■ What needs to be done
Among the entries below, the lines from the one with "Rad Tech Christmas" up to and including the one with "Gschmarri | T-shirt" are to be restated exactly, without pictures.

■ Available data
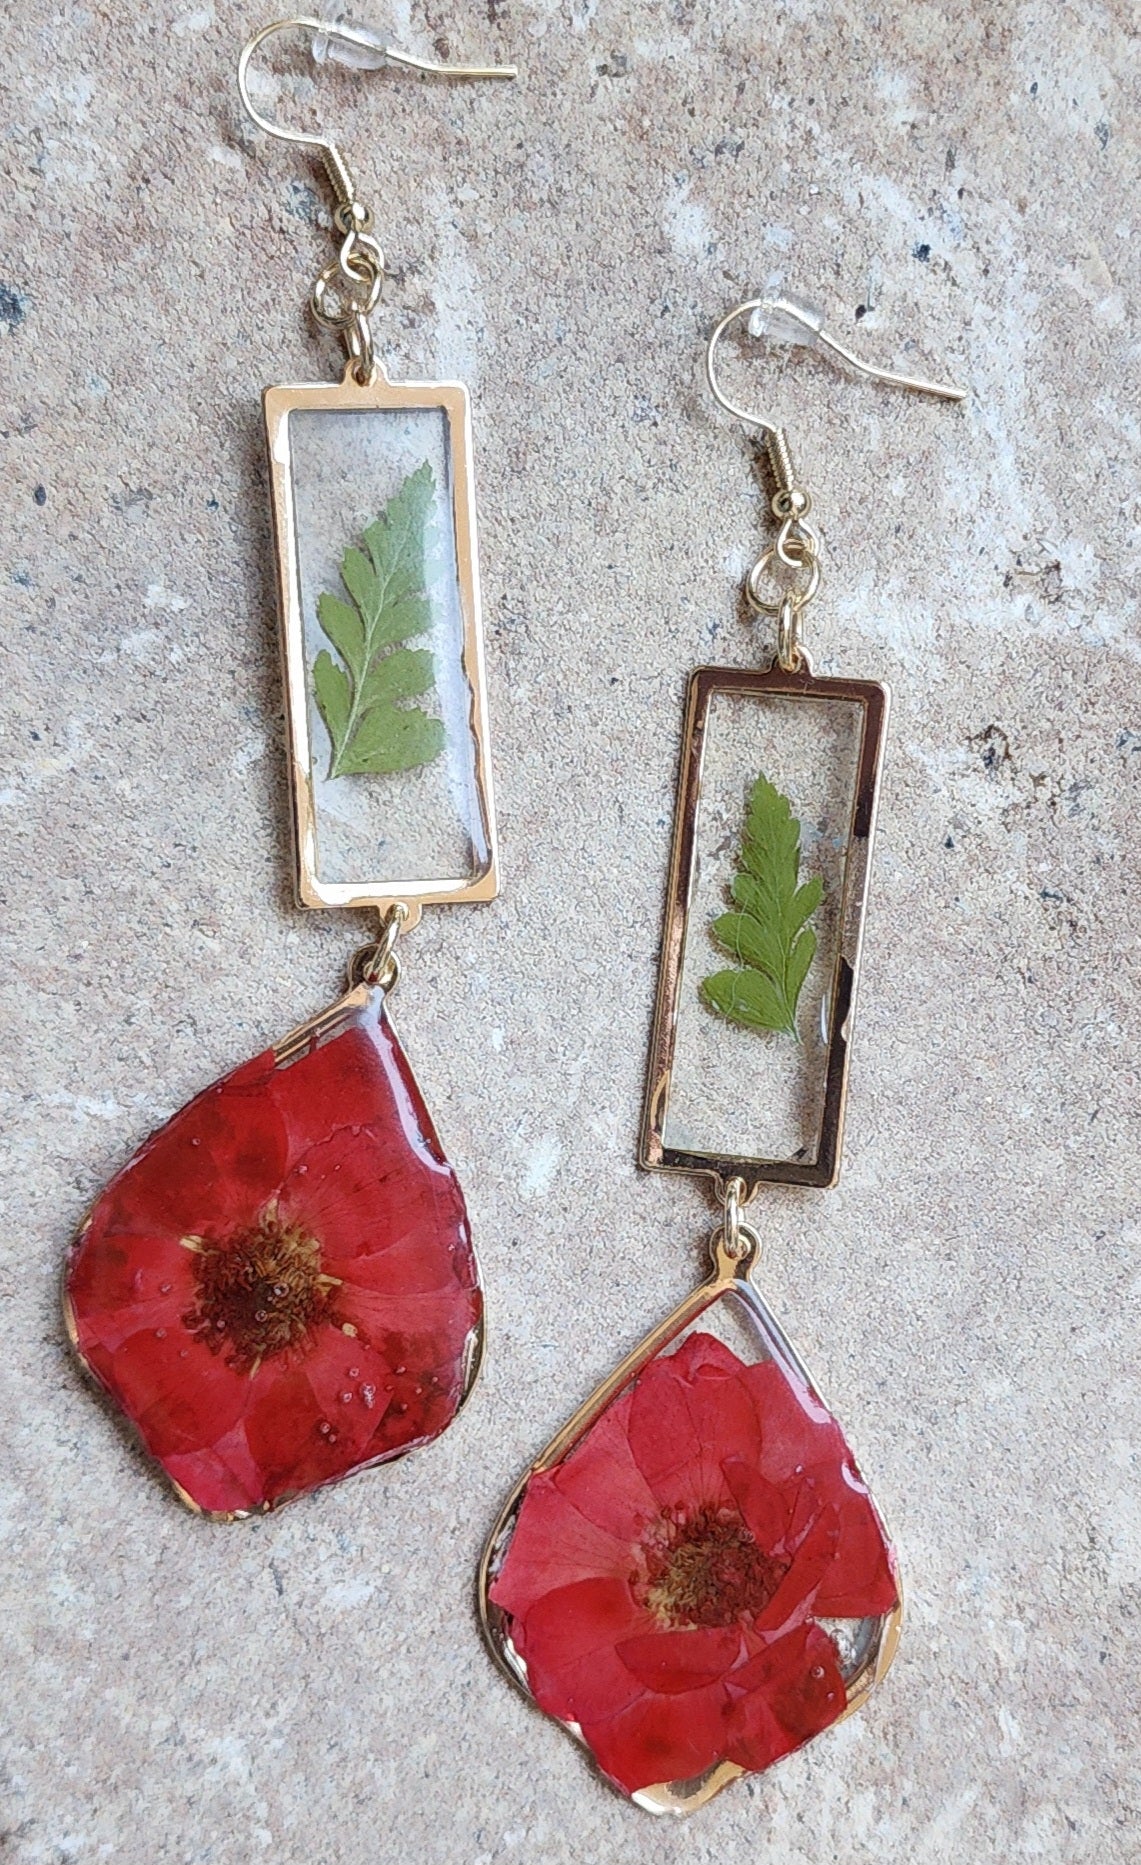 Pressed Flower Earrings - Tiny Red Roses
==
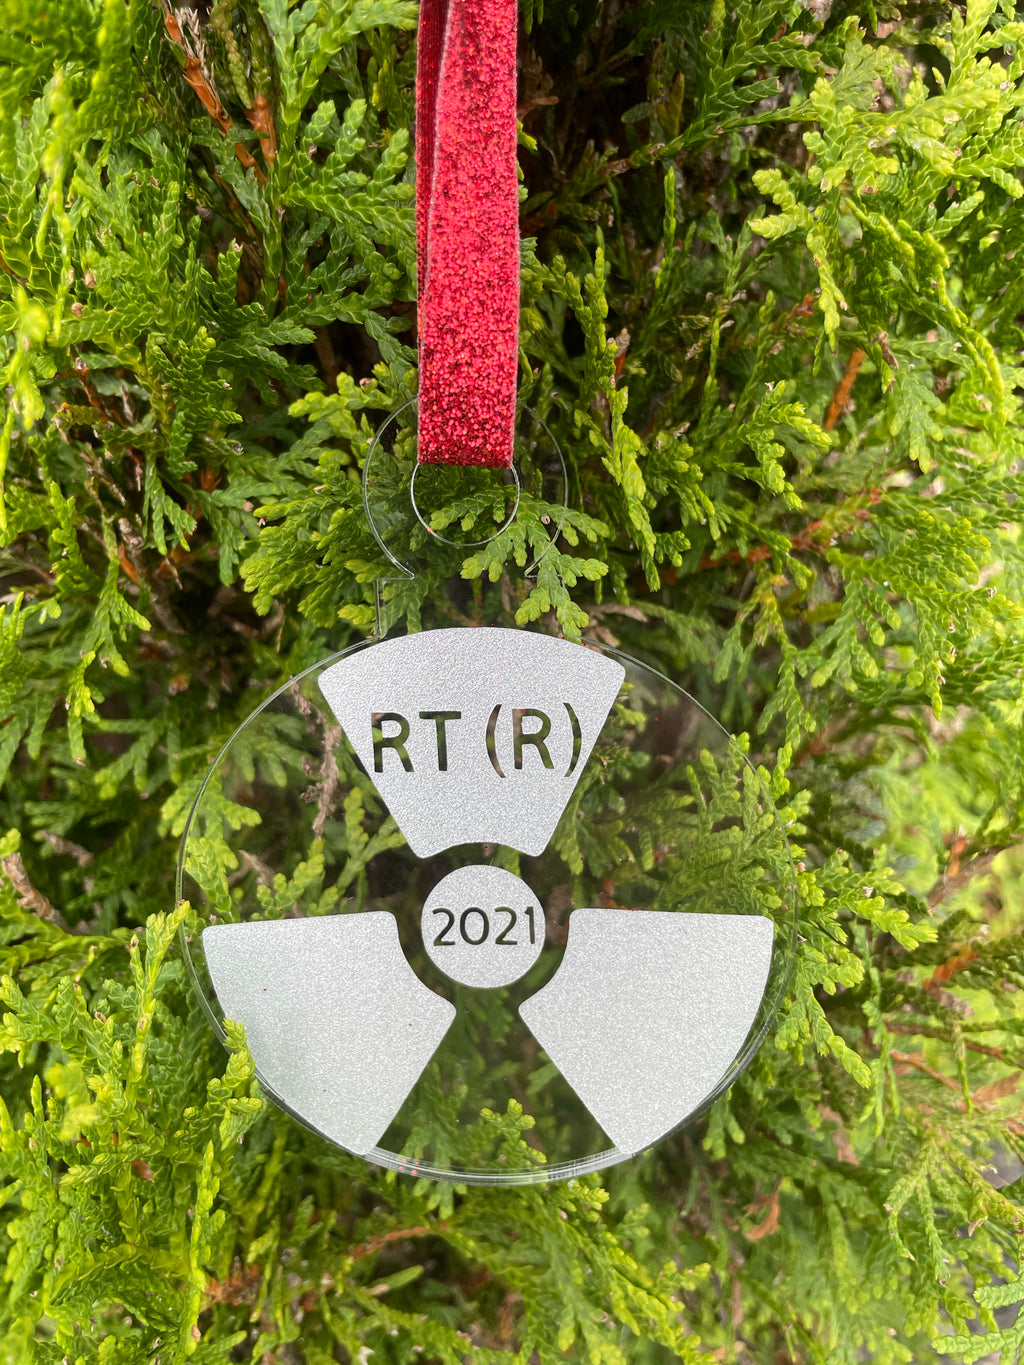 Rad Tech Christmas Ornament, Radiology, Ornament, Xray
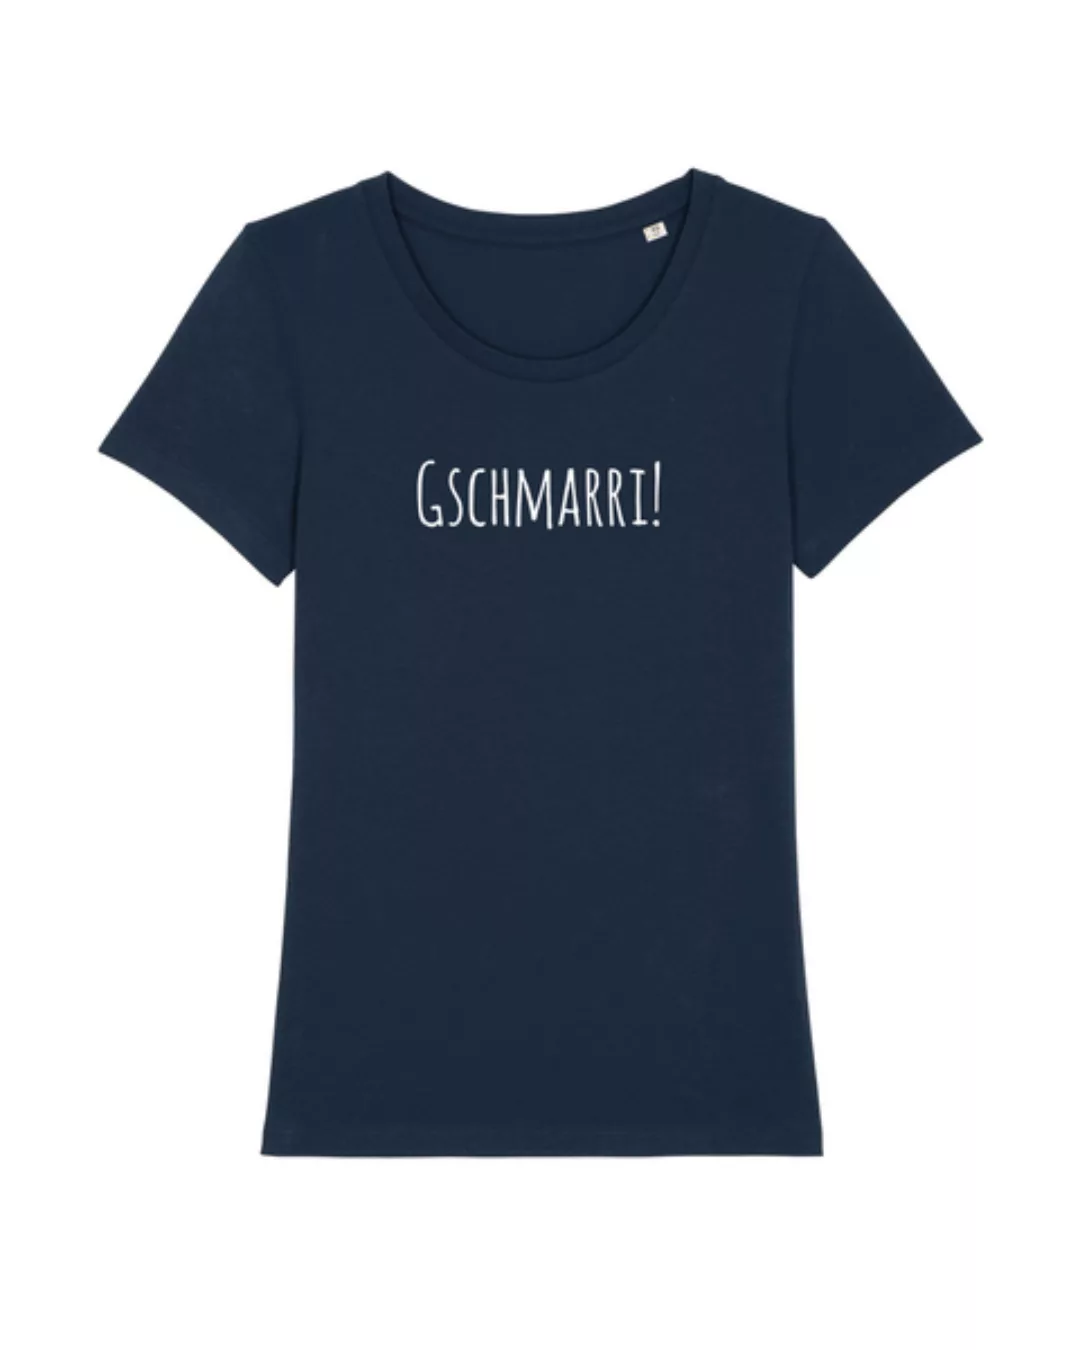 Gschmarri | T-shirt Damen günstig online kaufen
...
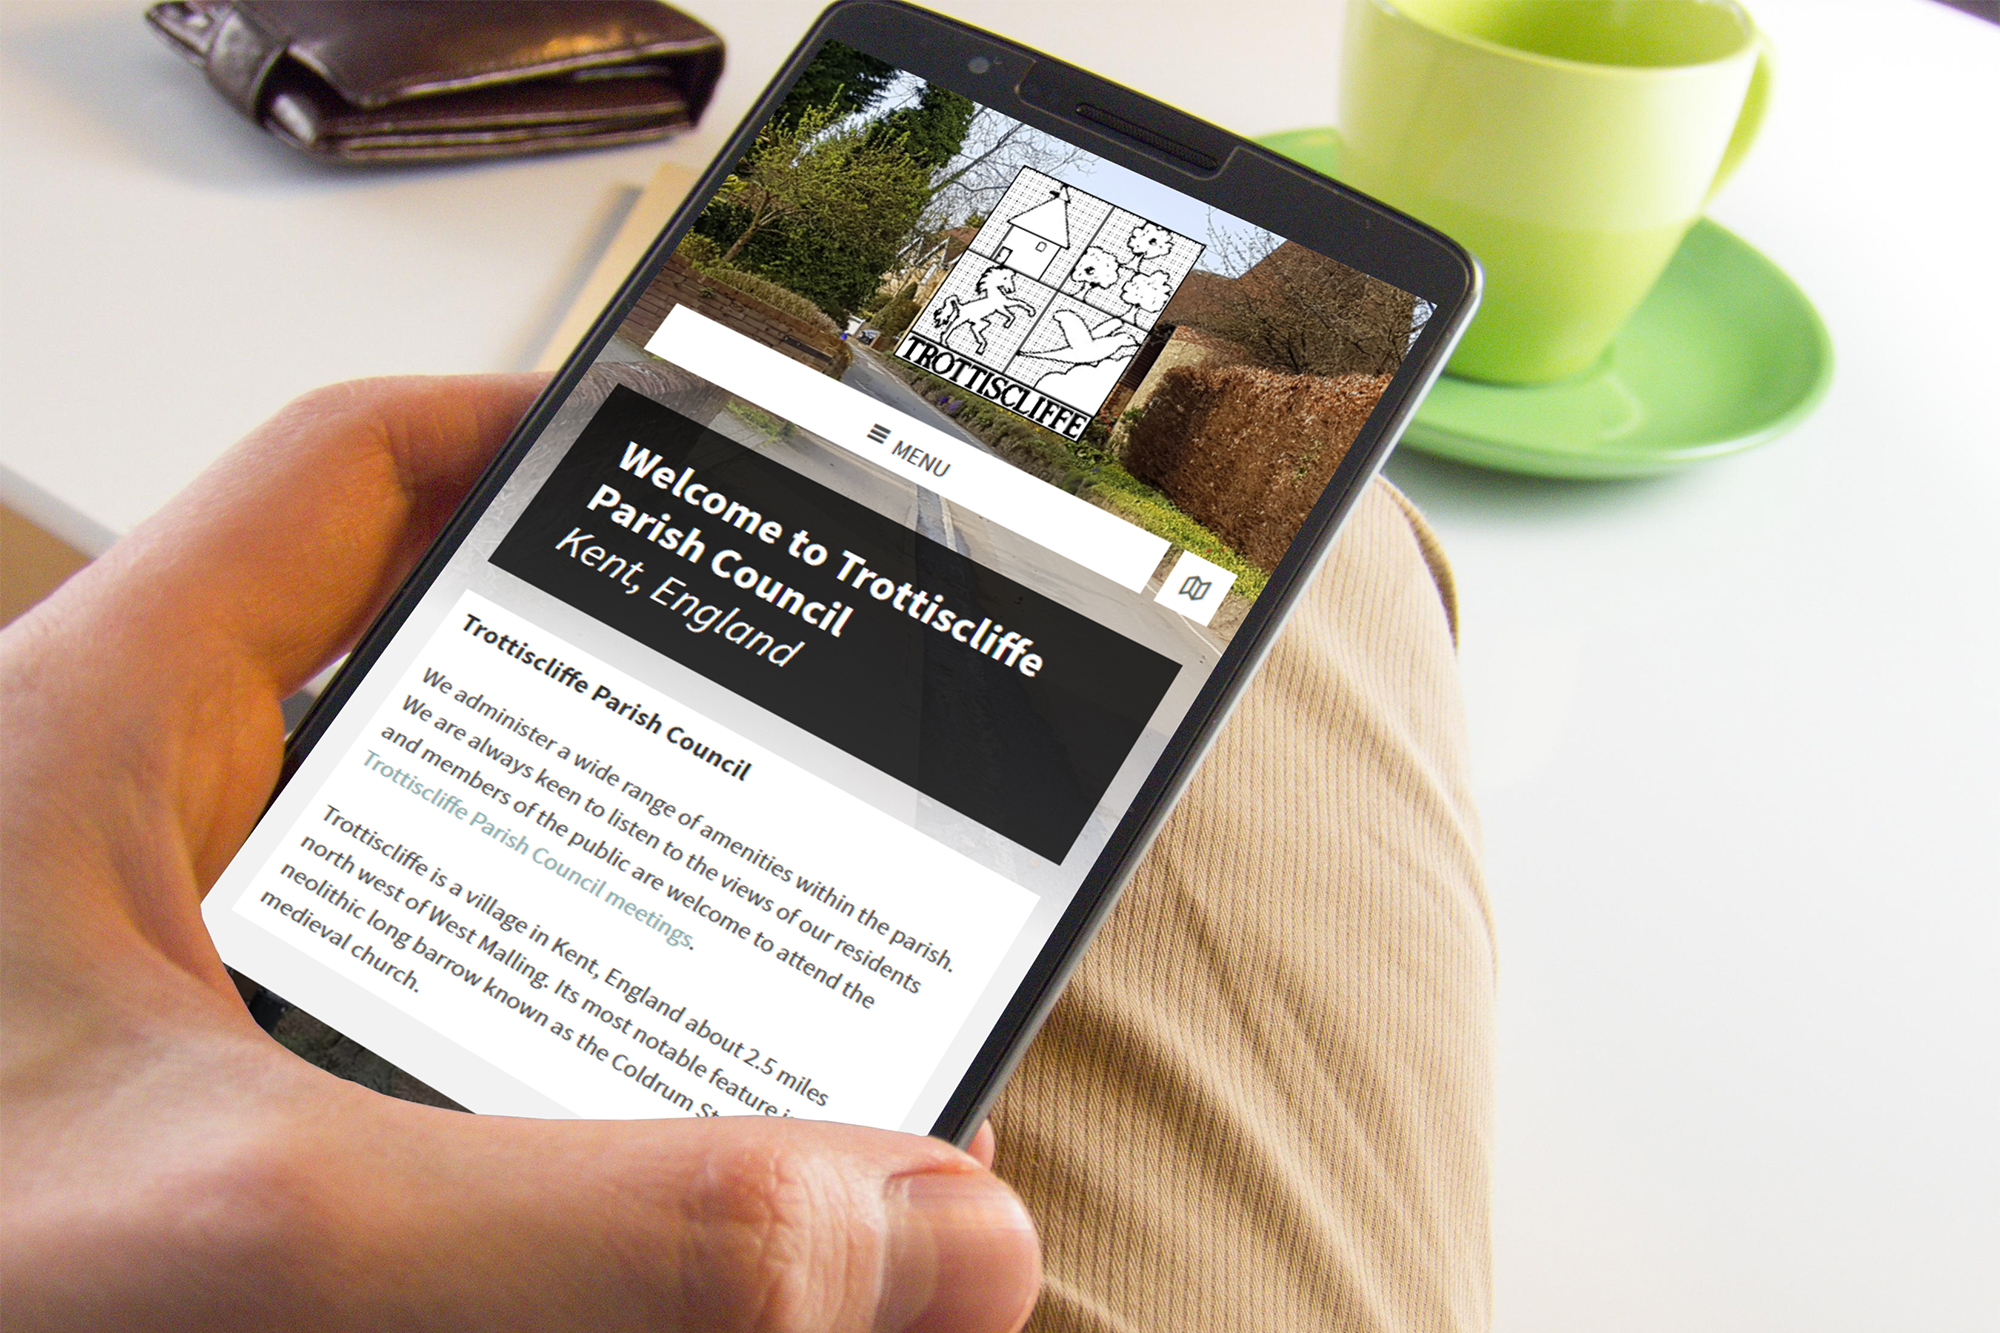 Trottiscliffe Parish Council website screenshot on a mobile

■ Answer to this exercise
 Rad Tech Christmas Ornament, Radiology, Ornament, Xray
 Gschmarri | T-shirt Damen günstig online kaufen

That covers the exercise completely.